Daughter, with William Dozier, Debbie Dozier (Deborah Leslie Dozier - born 11/5/1948).
At the age of three she scored 160 on an infant IQ test.
The only actor or actress to win an acting Oscar in a film directed by Alfred Hitchcock. She won Best Actress for Hitchcock's 1941 film Suspicion (1941).
First husband Brian Aherne had a friend call her the night before their wedding to tell her he had cold feet and couldn't marry her. Joan told the friend to tell him it was too late to call it off, that he had better be at the altar the next morning to marry her, and he could divorce her afterwards if he wanted. He was there at the altar and they remained married six years, never mentioning this incident to each other.
Howard Hughes, who dated her sister Olivia de Havilland for awhile, proposed to Joan many times.
Head of jury at the Berlin International Film Festival in 1982
Ex-sister-in-law of Pierre Galante and Marcus Goodrich.
Relations between Fontaine and her sister Olivia de Havilland were never strong but worsened in 1941, when both were nominated for best actress Oscar. Their mutual dislike and jealousy escalated into an all-out feud after Fontaine won for Suspicion (1941). Despite the fact de Havilland went on to win two Academy Awards of her own, they have remained permanently estranged.

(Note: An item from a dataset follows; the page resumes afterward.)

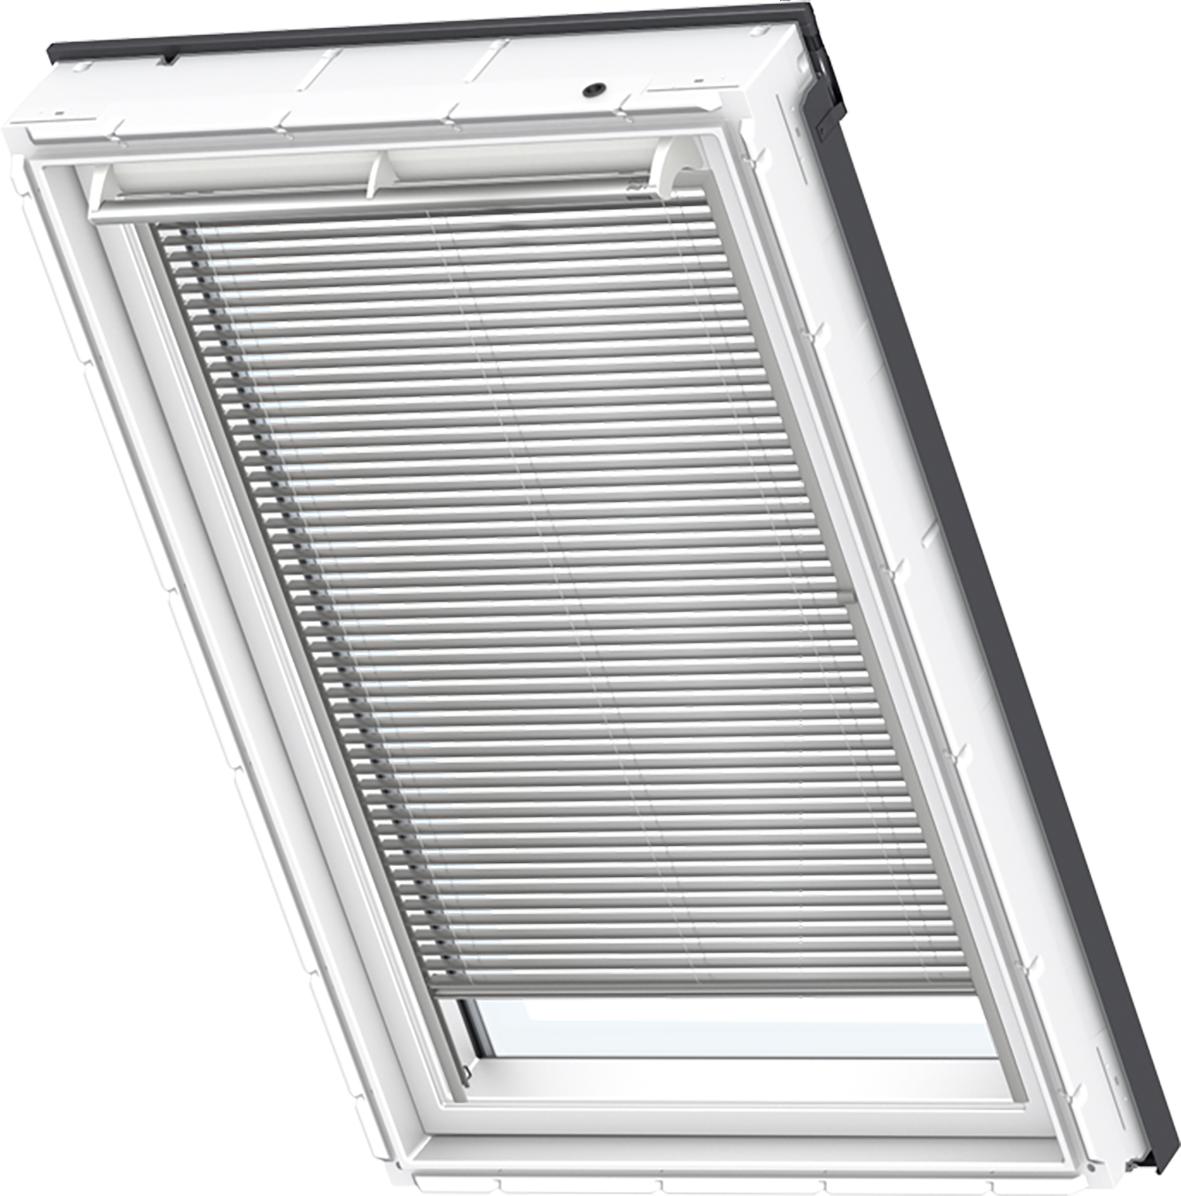 Original VELUX Jalousie für Dachfenster GGU GGU GGU GPU GHU GTU GGL GPL GHL GTL.   New Products  461521

Vice-President Emeritus of the Episcopal Actors' Guild of America.
She became an American citizen on April 23, 1943.
According to an in-depth article on Joan by Rod Labbe in "Classic Images" magazine, Joan was offered the role of Karen Holmes, the Army wife and adulteress, in James Jones' From Here to Eternity (1953) by Columbia after it had purchased the film rights. Joan was subsequently forced to decline the role because, at the time, she was embroiled in a particularly ugly custody battle over daughter Deborah from William Dozier. Leaving California to film extensively in Hawaii would have jeopardized Joan's case. The part went to second choice Deborah Kerr, who earned an Oscar nomination. Joan later replaced Ms. Kerr on Broadway in the original production of "Tea and Sympathy".
Allegedly was treated horribly by Laurence Olivier during their time together on the set of Rebecca (1940) as he had campaigned for his then-girlfriend Vivien Leigh to be given the part of Mrs. De Winter.